Schorlemmer spoke out against the wars in Afghanistan in 2001 and Iraq in 2003. He published Reformation in der Krise (Reformation in a crisis) on the occasion of the 500th anniversary of the Protestant Reformation, with a critical view of the celebrations and the position on Protestantism then.

He published numerous books, essays, speeches and sermons.

=== Personal life ===
Schorlemmer was married, the couple had a daughter, Uta. They lived in Wittenberg. His younger brother was Andreas Schorlemmer, pastor in Groß Kiesow.
After his dementia diagnosis in 2022, Schorlemmer withdrew from the public and lived in a nursing home in Berlin.

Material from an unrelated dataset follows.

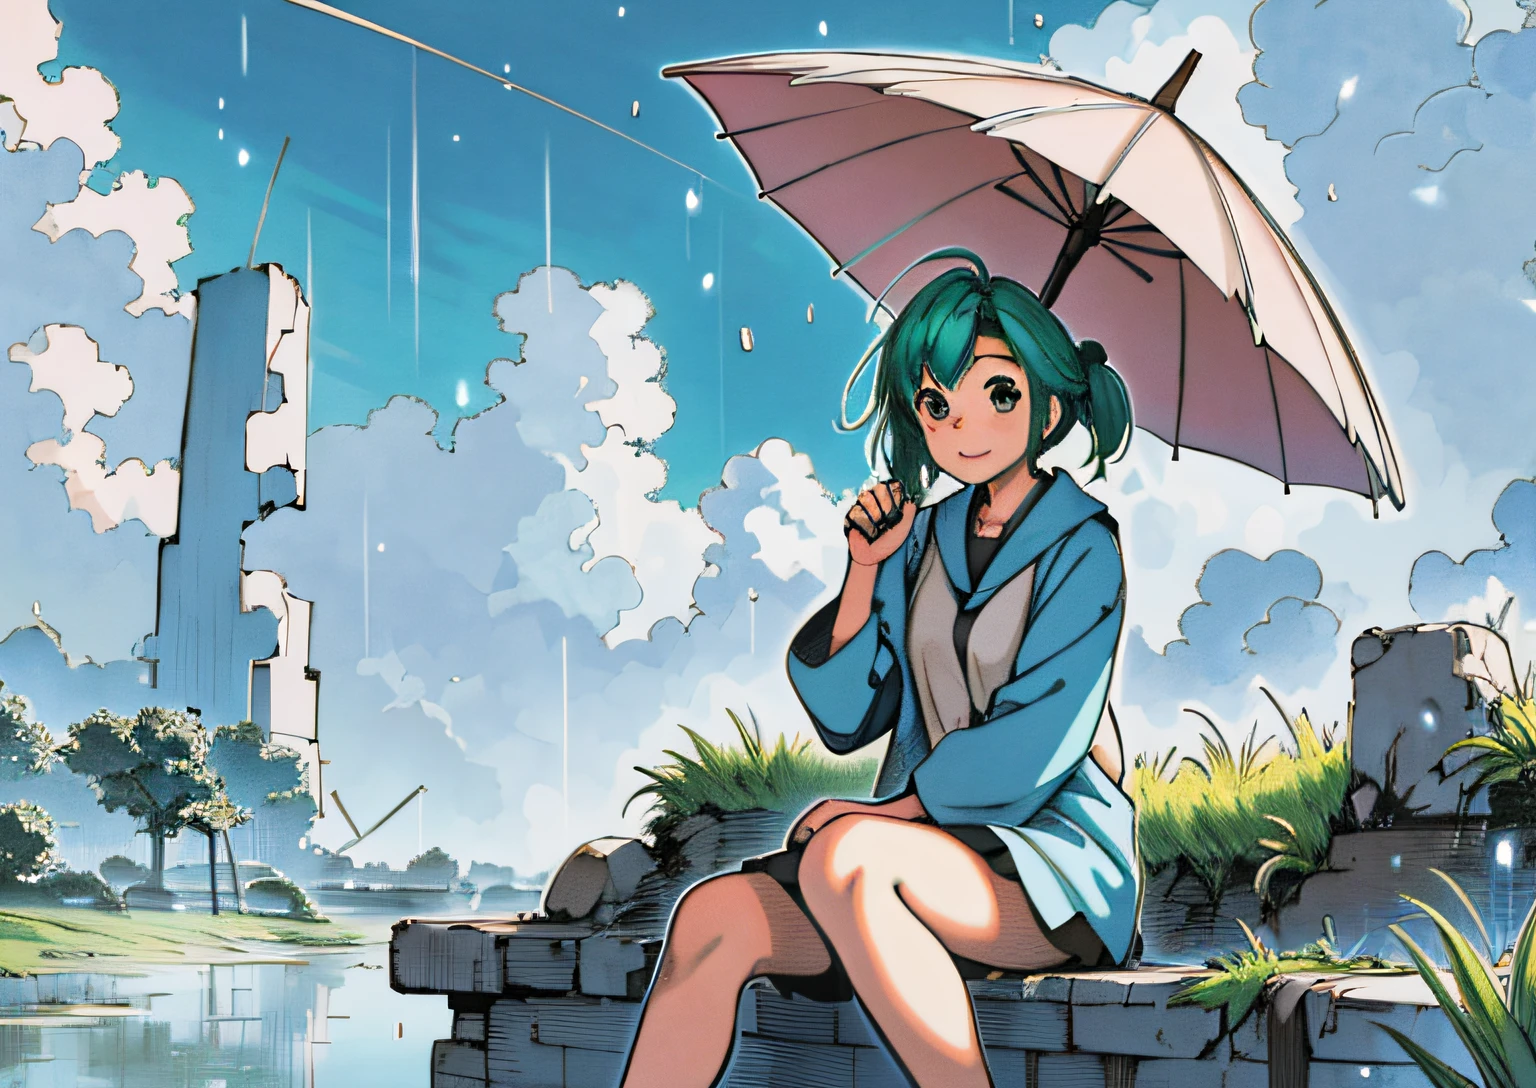 highres, ausführlich, Ashinano-Stil, 1 Mädchen, grüne Haare, Weitwinkelaufnahme, Regenschirm halten, Regen, grass, überwuchert, Sitzung, blauer Himmel, Wolken, Ruinen, Glücklich
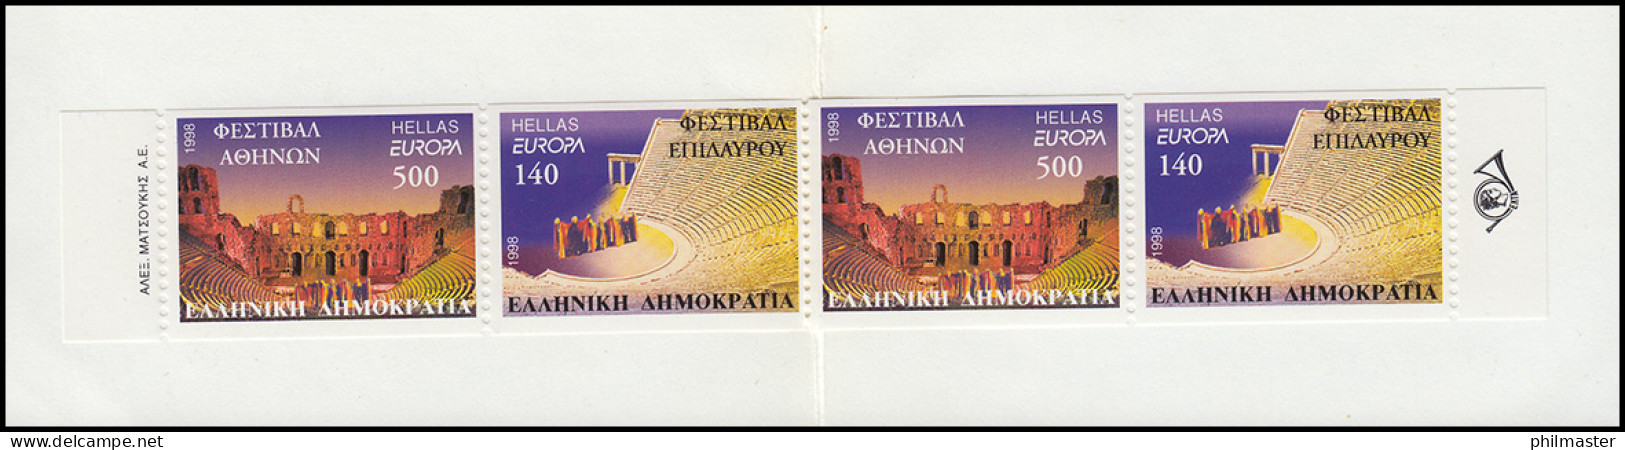 Griechenland Markenheftchen 21 Europa 1998, Postfrisch ** / MNH - Markenheftchen

He died in Berlin on 9 September 2024, at the age of 80. President Frank-Walter Steinmeier described him as a courageous fighter for freedom and democracy, one of the people who made the Peaceful Revolution possible.

== Publications ==

- Bis alle Mauern fallen. Berlin 1991. ISBN 978-3-373-00477-6
- Worte öffnen Fäuste. Die Rückkehr in ein schwieriges Vaterland. Munich 1992. ISBN 978-3-463-40169-0
- Zu seinem Wort stehen. Kindler Verlag, Munich 1994. ISBN 978-3-463-40253-6
- Eisige Zeiten – Ein Pamphlet. Munich 1996. ISBN 978-3-89667-008-3
- Die Wende in Wittenberg – Persönlicher Rückblick. Drei Kastanien Verlag, 1997, ISBN 978-3-933028-01-3.
- Absturz in die Freiheit – Was uns die Demokratie abverlangt. Berlin 2000. ISBN 978-3-7466-7029-4
- Die Bibel für Eilige. Aufbau-Verlag, Berlin 2003, ISBN 978-3-7466-1920-0.
- In der Freiheit bestehen. Aufbau-Verlag, Berlin 2004, ISBN 978-3-7466-7045-4.
- Hier stehe ich, Martin Luther. Aufbau-Verlag, Berlin 2003, ISBN 978-3-351-02563-2.
- Den Frieden riskieren. Sätze und Grundsätze, Pamphlete und Predigten, Reden und Aussprüche aus zwanzig Jahren. Stuttgart 2003. ISBN 978-3-87173-277-5
- (ed.) Lebenswege – Gespräche mit Zeitgenossen, von 1991–2006. Halle 1995–2006. ISBN 978-3-89812-457-7
- (ed.): Was protestantisch ist / Große Texte aus 500 Jahren. Freiburg i. B. 2008. ISBN 978-3-451-29845-5
- Wohl dem, der Heimat hat. Berlin 2009, ISBN 978-3-351-02679-0.
- Albert Schweitzer. Genie der Menschlichkeit. Aufbau Verlag, Berlin 2009, ISBN 978-3-351-02712-4.
- Zorn und Zuwendung. (Co-Autor: Hans-Dieter Schütt) Berlin 2011, ISBN 978-3-360-02122-9.
- Klar sehen und doch hoffen, Mein politisches Leben. Aufbau Verlag, Berlin 2012, ISBN 978-3-351-02750-6.
- Die Gier und das Glück. Wir zerstören, wonach wir uns sehnen. Herder, Freiburg im Breisgau 2014, ISBN 978-3-451-33515-0.
- (with Gregor Gysi): Was bleiben wird: Ein Gespräch über Herkunft und Zukunft. Aufbau Verlag, Berlin 2015, ISBN 978-3-351-03599-0.
- Unsere Erde ist zu retten. Haltungen, die wir jetzt brauchen. Herder, Freiburg im Breisgau 2016, ISBN 978-3-451-34978-2.
- Luther : Leben und Wirkung. Aufbau Verlag, Berlin 2017, ISBN 978-3-7466-3281-0.
- WORTmacht und MACHTworte. Eine Eloge auf die Leselust. Radius, Stuttgart 2018, ISBN 978-3-87173-067-2.

== Awards and honours ==
Schorlemmer was awarded the Carl von Ossietzky Medal of the International League for Human Rights in 1989, the Friedenspreis des Deutschen Buchhandels peace prize of the German Book Trade in 1993, the Order of Merit of the Federal Republic of Germany in 2009, and the Gold Medal from the Humboldt-Gesellschaft in 2014. In 2002 he was present to receive an honorary doctorate from Concordia University Texas.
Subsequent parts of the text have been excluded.